AGI - Il G20 andato in scena a Delhi non ha contribuito a far registrare progressi nei rapporti tra Usa e Turchia. Il presidente americano Joe Biden aveva espresso tutta la propria soddisfazione in seguito al vertice Nato di Vilnius dello scorso luglio e, dopo aver incontrato personalmente nell'occasione il presidente turco Recep Tayyip Erdogan, aveva fornito rassicurazioni sulla cessione dei jet da guerra F16 che la Turchia attende da ormai più di un anno.
A Delhi i due non hanno parlato, ma Erdogan non ha mancato di manifestare fastidio per l'atteggiamento della Casa Bianca, che al momento sembra orientata ad attendere la ratifica del parlamento turco relativa all'allargamento alla Svezia per procedere con l'invio di 40 aerei e 80 kit per la modernizzazione degli F16 in dotazione all'aeronautica turca. Una posizione, quella degli Usa, che ha "seriamente turbato" la Turchia, per usare le parole di Erdogan, che ha ricordato che la ratifica è inserita nel programma dei lavori del Parlamento. "Non sono io che ratifico personalmente ma il parlamento. Questa è la procedura. Per lui (Biden ndr) c'è il Congresso che deve approvare, per me il Parlamento", ha detto Erdogan domenica.
Parole che rendono l'idea dei temi che dovranno affrontare e del clima in cui i due leader dovranno dialogare durante il prossimo vertice Nato, previsto a New York il prossimo 18 settembre. Se il via libera di Erdogan arrivato a Vilnius sembrava aver messo la parola fine su una discussione durata più di un anno, la frenata è arrivata con le dichiarazioni del leader turco, che aveva rilanciato la palla nel campo dei lavori del Parlamento rinviando di fatto la ratifica a ottobre.
Il malcontento dietro le parole pronunciate da Erdogan fa riaffiorare i dubbi sul semaforo verde del parlamento turco, dove il partito Akp del presidente può contare sulla maggioranza dei seggi grazie all'alleanza con i nazionalisti dell'Mhp. Difficile una marcia indietro dopo le parole di Vilnius, la tensione attuale lascia intendere però che si potrebbe assistere a un braccio di ferro. Ankara, dall'inizio della querelle sull'allargamento, ha infatti rifiutato categoricamente di vincolare il proprio via libera alla Svezia alla promessa di ottenere gli F16 pagati 20 miliardi di dollari. Una proposta che l'amministrazione americana ha reiterato per mesi nel tentativo di strappare il si all'allargamento.

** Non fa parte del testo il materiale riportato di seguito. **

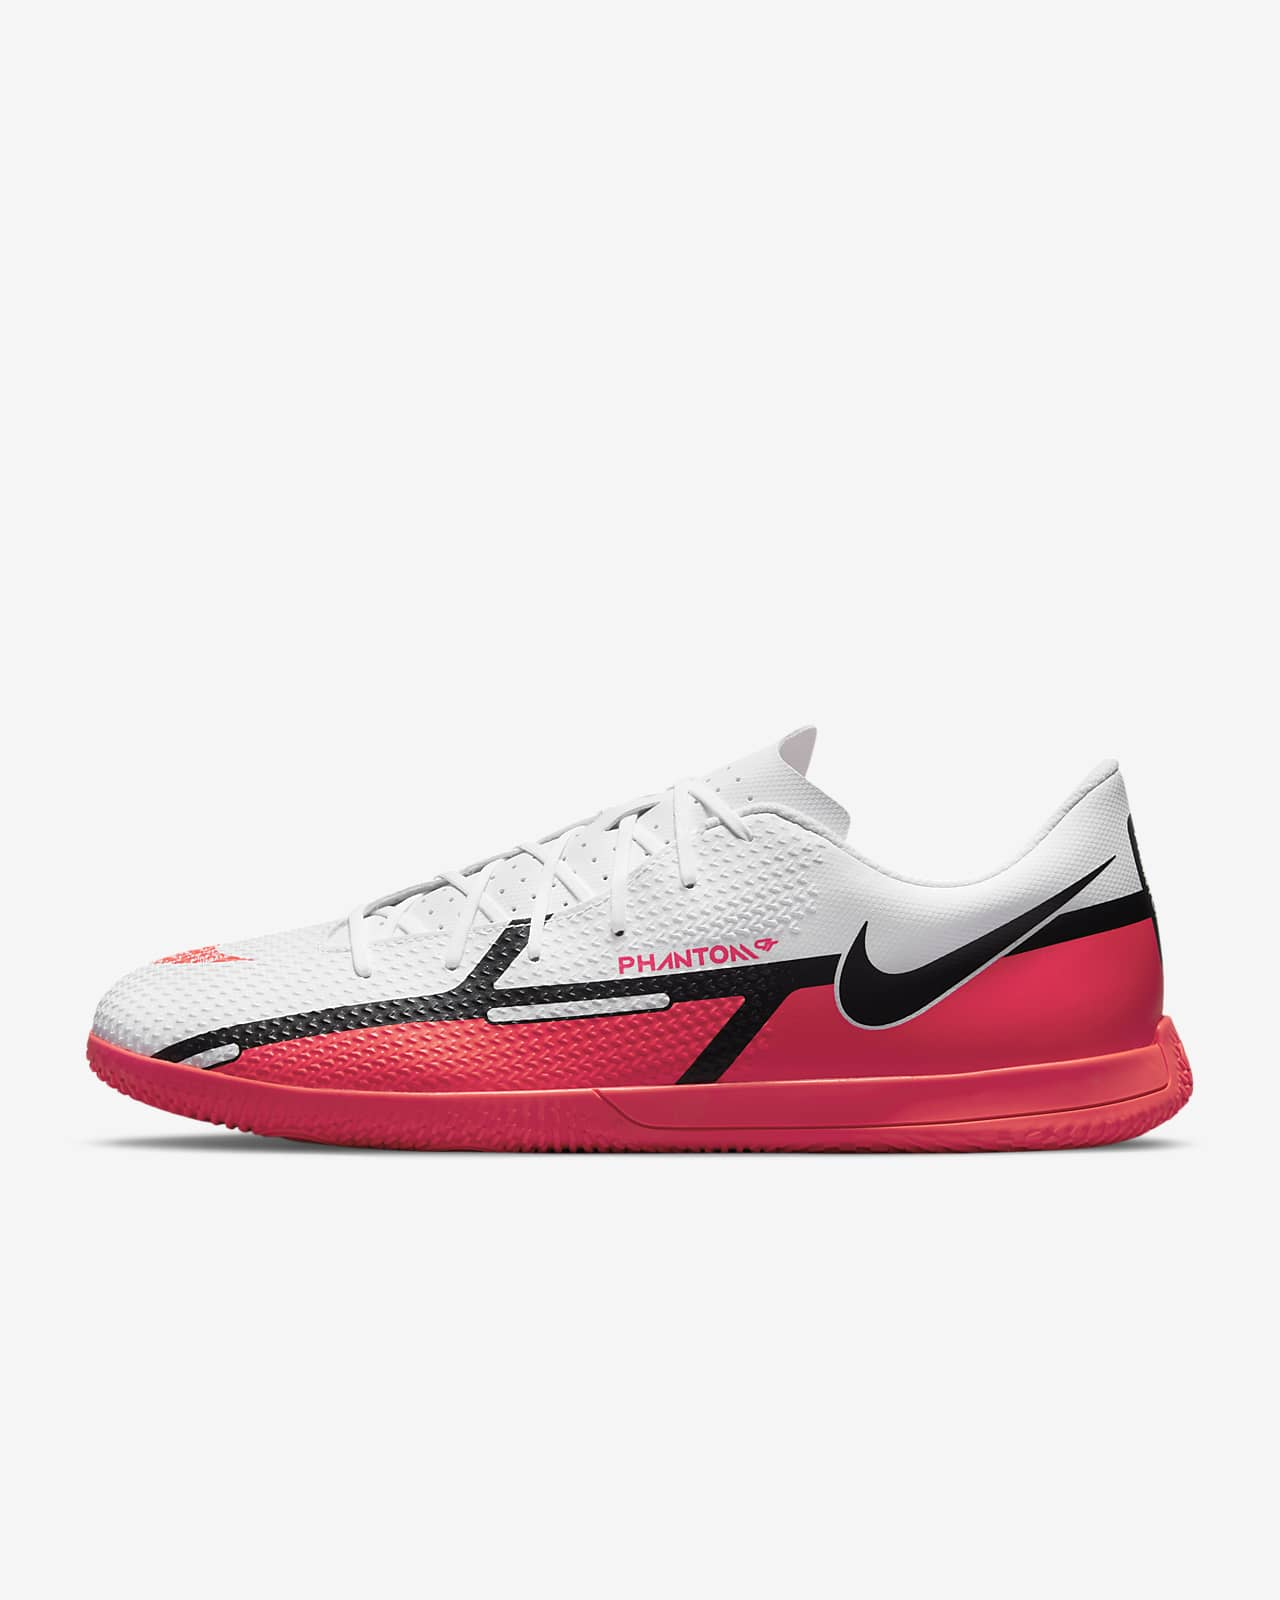 Nike Phantom GT2 Club IC Indoor Court Football Shoe

Una polemica che dura da anni
Il ritardo del Congresso, sottolineato da molti media turchi, ha contribuito a creare la sensazione che gli Usa attendano la ratifica del parlamento turco per procedere a sbloccare una cessione di armamenti su cui i due Paesi hanno un'intesa da anni. Un'accusa che può essere facilmente capovolta e rivolta ad Ankara, dove il ritardo del Parlamento turco può far pensare che Erdogan attenda gli F16 prima di dare istruzioni ai suoi in parlamento. La Svezia rimane in attesa, vittima di una polemica iniziata anni fa, quando invece degli F16 si parlava degli F35 e la riluttanza degli Usa era legata all'acquisto del sistema di Difesa missilistico russo s-400 da parte di Ankara. Una polemica che ancora oggi sembra lontana dal giungere al termine.
A Washington c'è chi ritiene la vendita degli F16 essenziale a rammendare i rapporti con un importante alleato Nato, con cui peò' non sono mancate roventi polemiche negli ultimi anni. Oltre che per gli aerei da guerra, a complicare la situazione e spingere per un segnale di riavvicinamento le continue accuse di Ankara alla Casa Bianca per l'alleanza e il sostegno americano ai separatisti curdi dello Ypg. Allo stesso tempo nel Congresso non mancano le voci critiche, a partire dal presidente per le relazioni estere del Senato, il democratico Bob Menendez, che da mesi nega gli F16 chiedendo garanzie sulla sicurezza della Grecia e sull'allargamento Nato. Una intransigenza che non permette di sbloccare l'impasse e, nonostante il recente riavvicinamento tra Grecia e Turchia, alza la tensione in attesa del vertice Nato del prossimo 18 settembre.